The coefficient of restitution depends on the slenderness of the wall and the position of the hinge. For the stockier wall and lower intermediate hinge, the energy dissipation will decrease. For this type of mechanism, the value of the coefficient of restitution is between 0.84 and 0.90 from experimental tests (Graziotti et al. 2016). This model, does neither include progressive damage (Doherty et al. 2002) nor an energy damping term (Tomassetti et al. 2019). In this paper, the analytical formulation (Eq. 10) is used for the analyses.

The rocking response results are obtained from a MATLAB code that numerically solves the nonlinear equations by means of a 4th–5th order Runge–Kutta integration technique (The Mathworks Inc. 2016).

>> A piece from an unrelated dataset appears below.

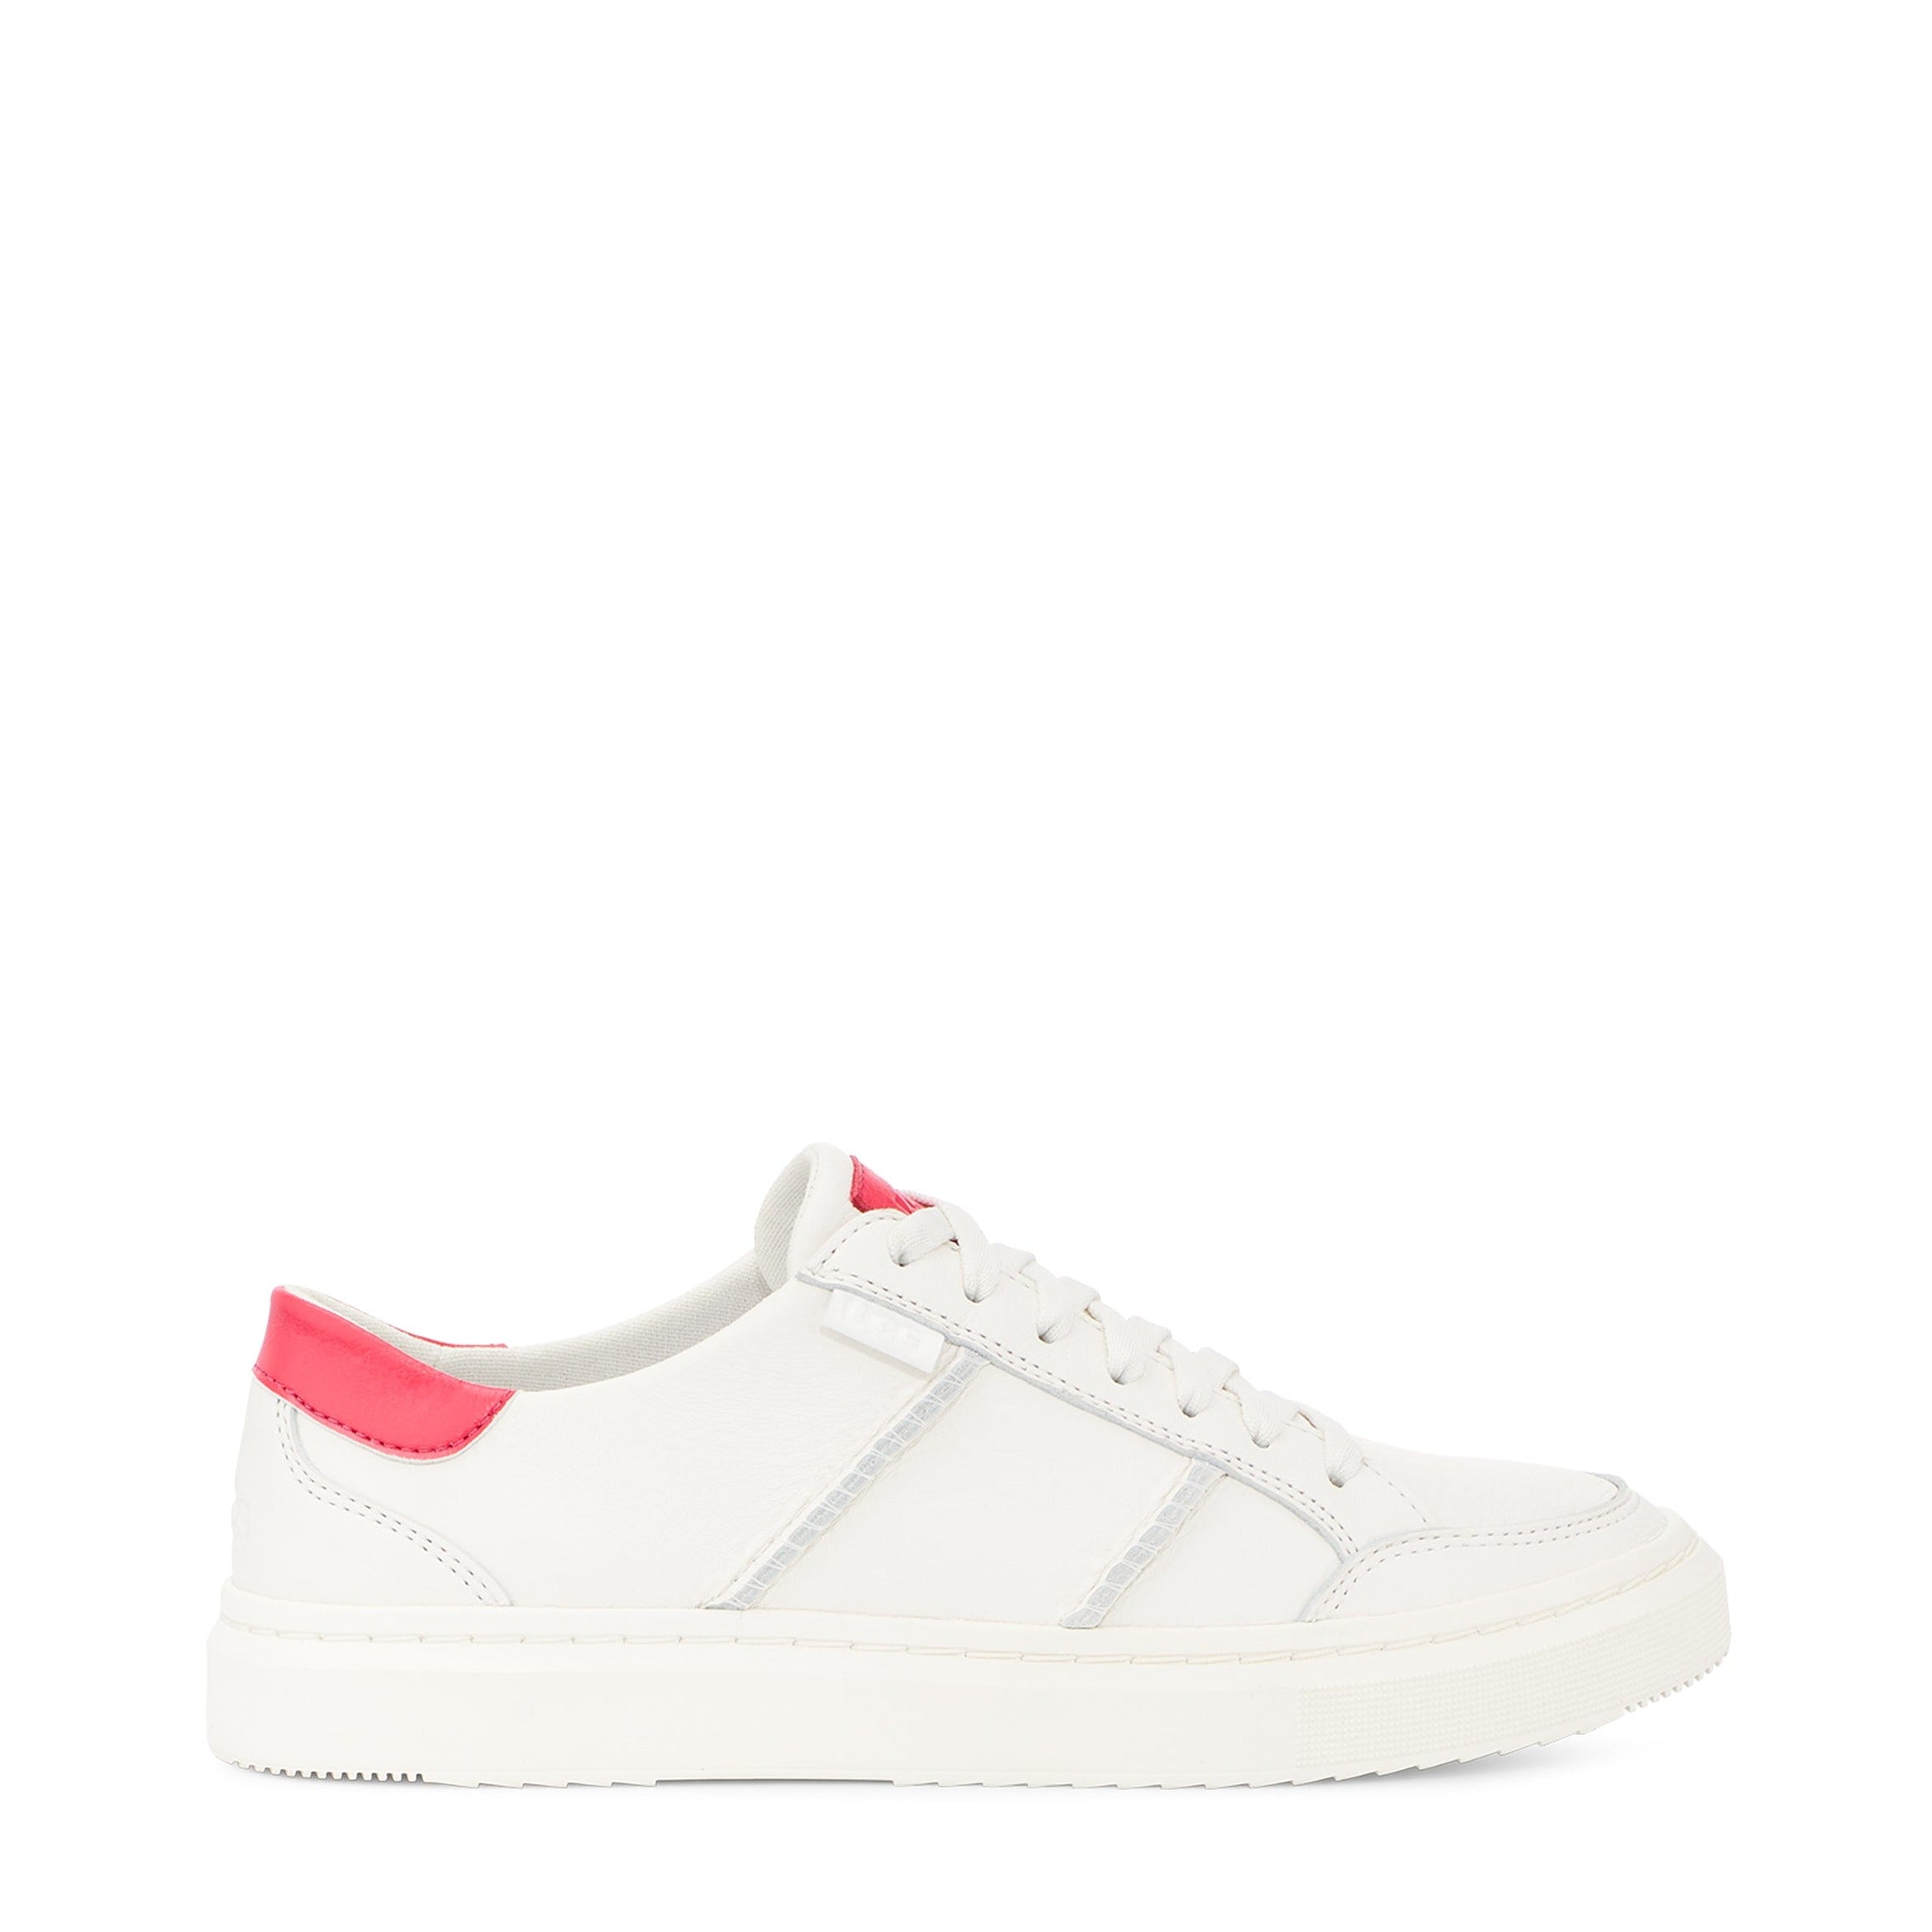 Sample UGG Alameda Lace Sneaker Bright White/Red Pepper

3.3 Comparison between linear and nonlinear kinematic approaches and nonlinear dynamic analysis

In this section, a critical review of seismic response assessment techniques for local collapse mechanisms in existing masonry structures is discussed. To have statistically robust results, three types of walls with the two different configurations of constraints are subjected to nonlinear dynamic analyses (Table 3). Each wall was subjected to 44 accelerograms with 2 constraint configurations for 10 different amplitude scales of ground motion. A total of 1320 nonlinear dynamic analyses were performed. The results of the dynamic analysis are expressed by the ratio between energy demand (ED) and capacity (EC) (Shawa et al. 2012; Sorrentino et al. 2016). The energy demand (ED) is calculated as the maximum potential energy during the seismic action or as the sum of the potential and kinetic energy at instability. The capacity energy (EC) is calculated as the difference in the potential energy of the system. In Fig. 9, the results obtained from the nonlinear dynamic analyses are compared with the methods proposed by the Italian code (IMIT 2018). In the Italian code, the evaluation of local collapse mechanisms is recommended with two approaches: the force-based approach and the displacement-based approach. The force-based approach defines the acceleration capacity (a0*). The acceleration demand is defined as the peak ground acceleration (PGA) divided by behavior factor q = 2.0 according to Eurocode 8 (CEN 2004, Table 4.4). This behavior factor is suitable for partitions and facades. The ratio between demand acceleration (PGA at the base of the block) and capacity acceleration is used to compare the force-based approach to the ratio of energy demands and capacity from dynamic approach that are presented in Fig. 9a–c. The displacement-based approach, on the other hand, defines a displacement capacity (du*). The corresponding demand displacement is evaluated using the spectral displacement (SDe(TS)) at the secant period (TS) of the local mechanism. The secant period of mechanism is defined as:

$$T_{S} = 2\pi \sqrt {\frac{{d_{s}^{*} }}{{a_{s}^{*} }}}$$
(11)

where \(d_{s}^{*} = 0.4 \cdot d_{u}^{*}\) and \(a_{s}^{*}\) is the relative pseudo-acceleration of the bilinear response curve (Sorrentino et al. 2016). The ratio between displacement demand and capacity is used to compare the displacement-based approach to the ratio of energy demands and capacity from the dynamic approach that are presented in Fig. 9b–d. As it can be observed in Fig. 9, the number of non-conservative cases is less for the one-sided mechanism, while it increases in the case of two-blocks mechanism. Furthermore, it is possible to see how displacement-based approach can reduce the number of non-conservative cases. Both code approaches confirm that they are in some cases unconservative. This evidence is due to several factors, for more details see (Shawa et al. 2012; Mauro et al. 2015; Sorrentino et al. 2016).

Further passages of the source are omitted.